When reports speak about expanding the New York Police Department’s (NYPD) current use of facial recognition, they are referring to Amnesty International data that shows this policy that’s meant to be expanded here is already invasive. Amnesty International says that the city’s main law enforcement agency already uses images, sometimes scraped from the internet, to compare and match with its own suspect and felon database, and then also those obtained from some 15,000 surveillance cameras installed all around New York.

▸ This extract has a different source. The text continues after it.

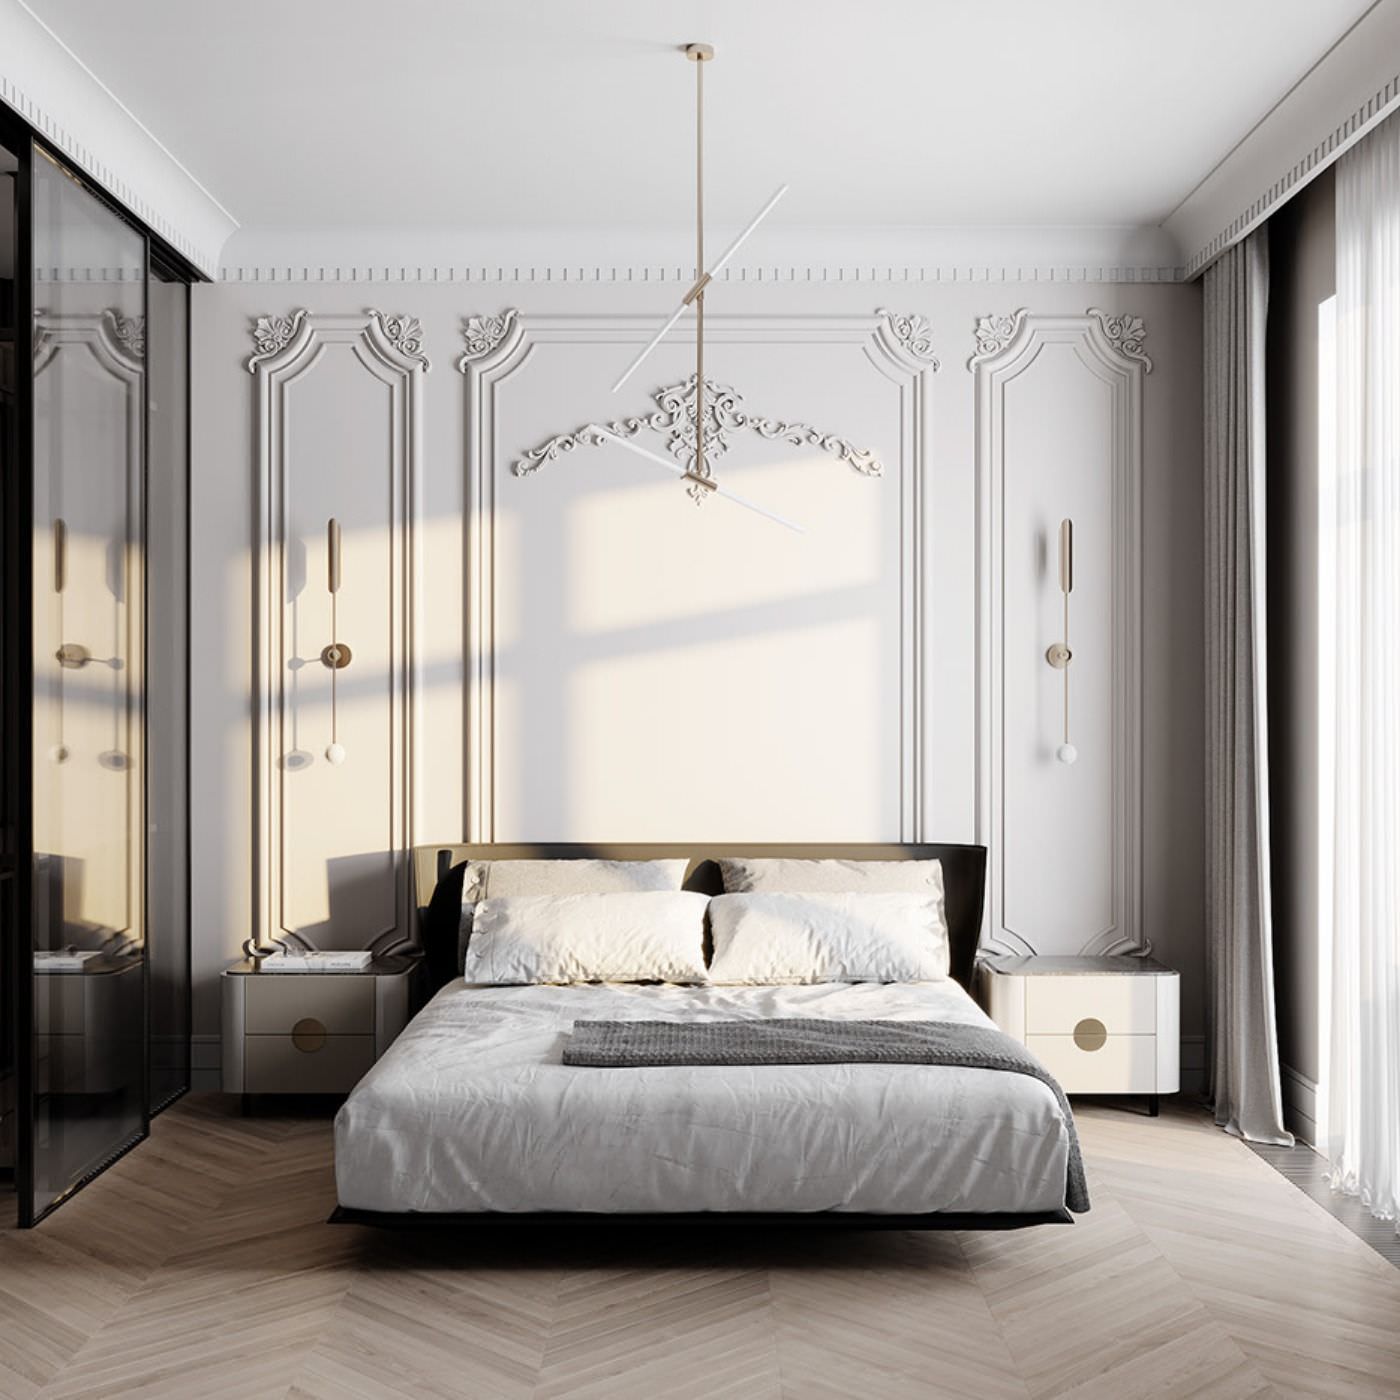 Phòng ngủ màu trắng tân cổ điển nổi bật với cách trang trí tường nhà bằng phào chỉ nổi ấn tượng
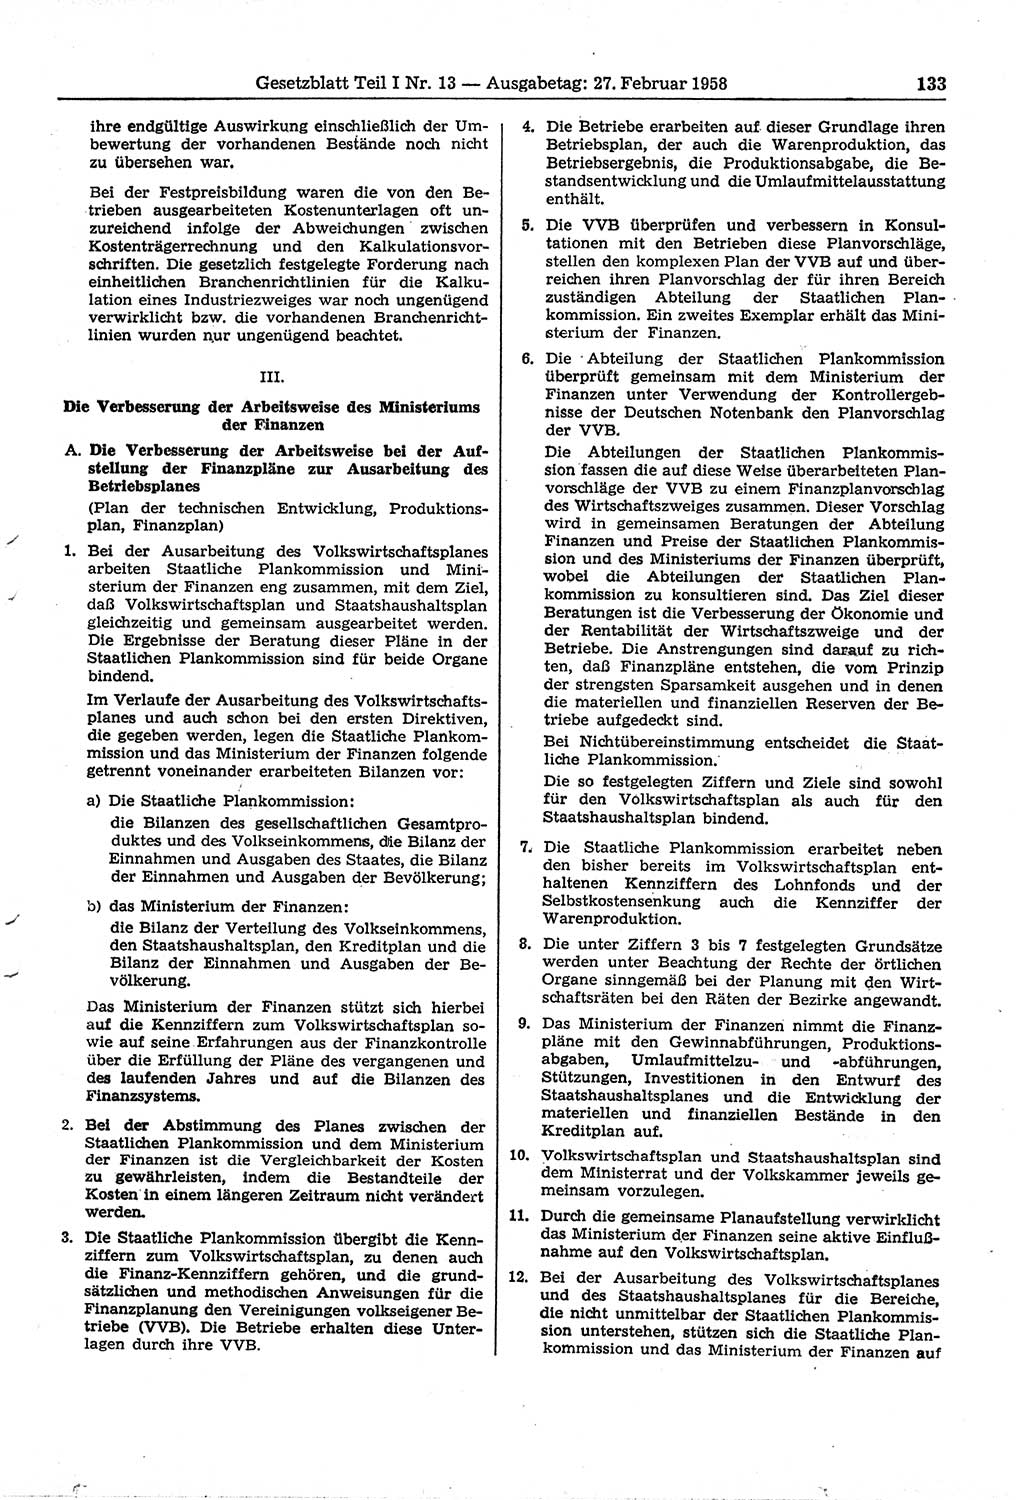 Gesetzblatt (GBl.) der Deutschen Demokratischen Republik (DDR) Teil Ⅰ 1958, Seite 133 (GBl. DDR Ⅰ 1958, S. 133)

The question of why there needs to be even more of this controversial push is one that emerges from the take on the situation offered by American Civil Liberties Union (ACLU) senior policy council Michael Sisitzky, cited by Reason magazine, who believes the mass surveillance already operational and at NYPD’s disposal is enough to “track who goes where and when.”
Once again, ACLU emphasizes the possibility that the use of facial recognition could disproportionately infringe on the rights of minorities – but the problem of mass surveillance is and will remain to be universal.
One of the reasons is the level and quality of this tech’s safety, given how easily it can be manipulated, and its general lack of accuracy. NYPD’s use of facial recognition has been described as “unscientific” by Georgetown Law’s Center on Privacy & Technology Jameson Spivack. This now goes so far that officers on occasion, when they cannot find a match with a security video image of a suspect, go ahead and try to match it with that of a lookalike celebrity.
In one case, it was a photo of Woody Harrelson.
“When the software turned up matches for the actor, the police identified and arrested one of the matches that they thought resembled the suspect from the security cam footage,” writes Reason.
One proposed solution is for New York to follow in the footsteps of San Francisco, Oakland, and Seattle and ban facial recognition – instead of doubling down on its usage.